Бакланов добровольцем пошел на фронт- его долго брать не хотели, потому что по возрасту не подходил. Он и другие мои сокурсники так были перенасыщены впечатлениями войны, что даже те из них, кто никогда не думал о литературе, хотели рассказать, что видели, чувствовали, пережили.

Необычайно редкое явление, если честная правдивая книга имела еще и официальный успех. Бакланову было непросто. Когда он написал лучшую, на мой взгляд, свою книгу “Пядь земли”, в официальной критике в ходу было выражение “окопная правда”. Несколько уничижительное, снисходительное именование честной военной прозы. Пошло это выражение от книги “В окопах Сталинграда” Виктора Некрасова. И, разумеется, относилось к Бакланову. В самом названии “Пядь земли” был вызов, полемичность. Я помню, тогда во МХАТе шел спектакль по пьесе Чирскова “Победители” – рябило в глазах от золотых генеральских погон на сцене. Считалось, что войну нужно изображать именно так – делать вид, что началась она чуть ли не прямо с Парада Победы…

Если бы меня попросили найти одно слово, чтобы охарактеризовать Гришин образ, я бы сказал, что это “порядочность”. Он был порядочным во всем, а в той жизни это было непросто. Когда он стал главным редактором журнала “Знамя” и возникали острые, конфликтные ситуации, проявлять независимость было сложно. Но он был независимым”.

***

Василь Быков (из воспоминаний «Долгая дорога домой». Издательство Прозаик, 2019.)

«Примерно в это же время [60-е годы] мне довелось прочесть небольшую повесть Бакланова «Южнее главного удара», которая меня почти ошеломила. Дело в том, что автор подробно и правдиво описал там несколько моментов, хорошо знакомых мне по собственному опыту участия в боях под венгерским городом Секешфехерваром, где меня ранило. Я был удивлен, как простая правда войны становится высоким искусством, какие, оказывается, глубины таит в себе банальный кусок жизни. (Хотя война, конечно, не банальный кусок…) А прочитав в «Новом мире» баклановскую «Пядь земли», я отложил всё, над чем работал, и с жаром засел за «Третью ракету».

Василь Быков (из книги Жестокая правда войны. Воспоминания пехотинца. Издательство Родина, 2020.)

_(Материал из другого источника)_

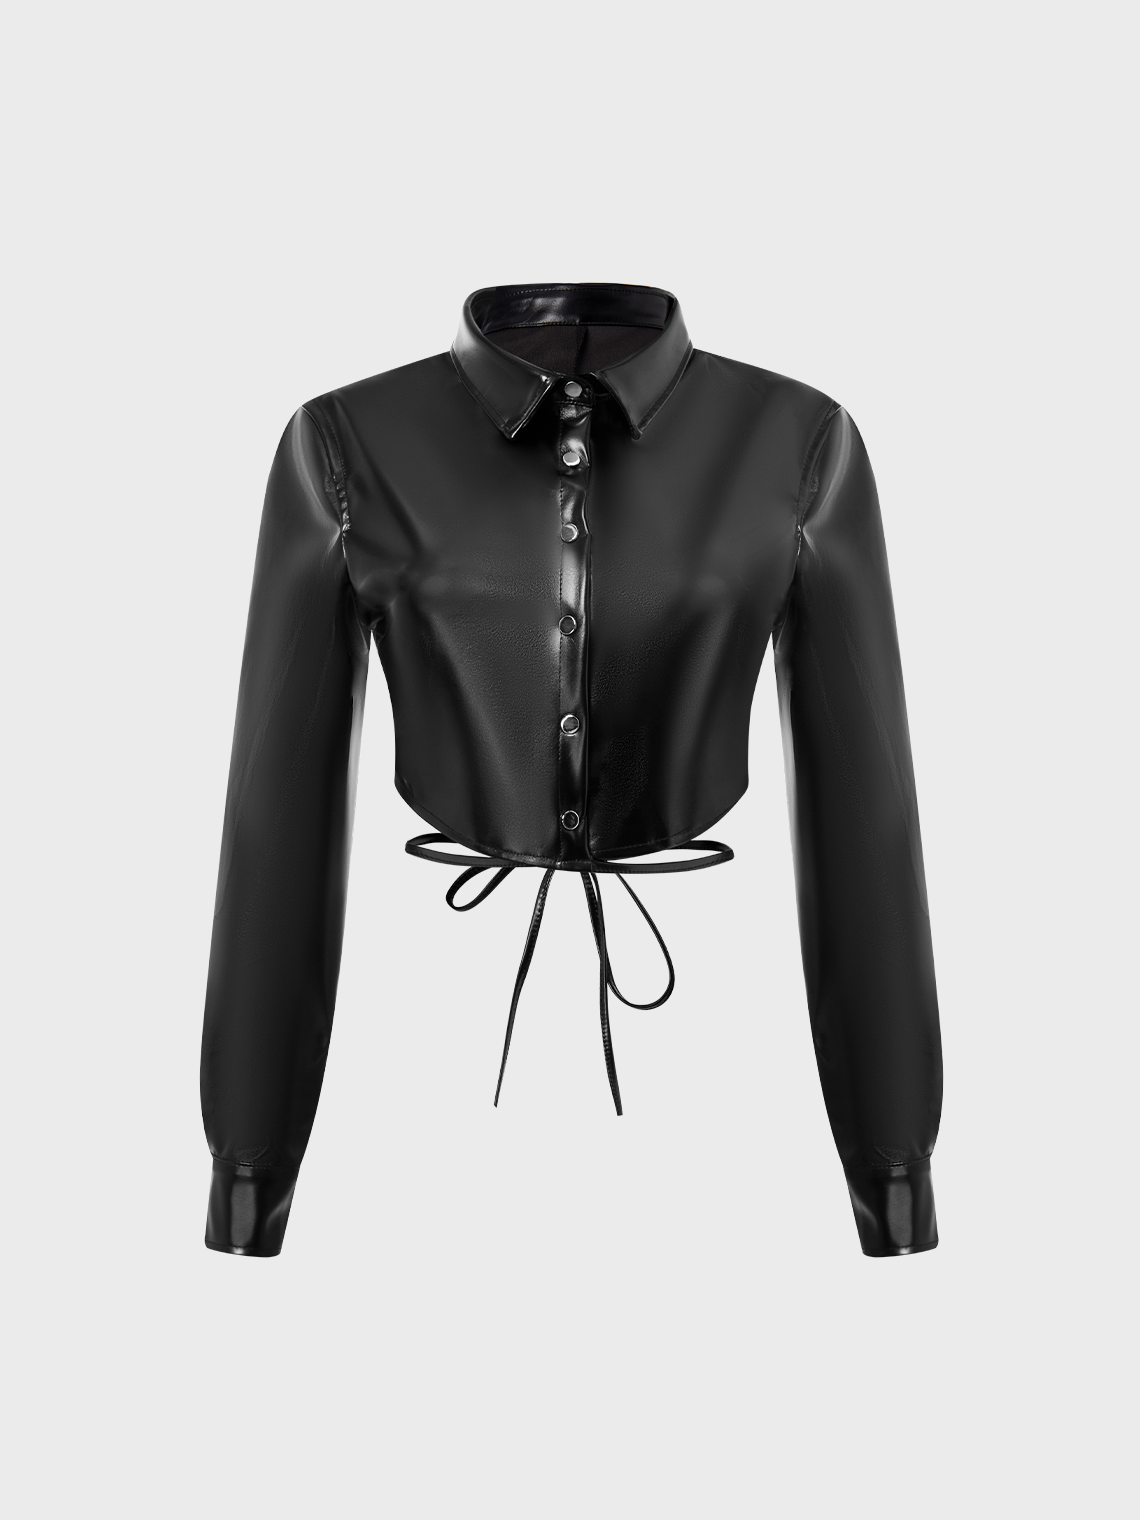 【Final Sale】Street Black Leather Low Waist Top Outwear

В 1967 году Москве проходил IV съезд Союза Писателей СССР, на который в числе большой группы приглашены были из Минска Василь Быков и Алесь Адамович. Съезд проходил в Кремлёвском дворце съездов. Василь Быков вспоминает, как во время перерыва вместе с Баклановым они отправились в гостиницу:

«По дороге нас подстерегла неожиданность. Мы не успели перебежать проезд Спасской башни на зелёный свет светофора и остановились. Но один из делегатов (не из нашей компании), старый туркменский писатель, пошёл на красный свет и был задержан гэбистом в форме, который грубо рванул старика за плечо и стал отчитывать. Этого не выдержал Григорий Бакланов, оказавшийся рядом. Я никогда не видел Григория таким разгневанным: он бросился защищать старого туркмена, на глазах десятков прохожих возмущённо стыдил гэбиста. Но тот тоже пришёл в ярость, потребовал у Бакланова пропуск, стал орать, «Я его сейчас порву, и ты больше не увидишь свой съезд!» На что Бакланов ответил с вызовом: «Ну порви! Порви! Что же ты не рвёшь?» Тот, однако, не порвал (…)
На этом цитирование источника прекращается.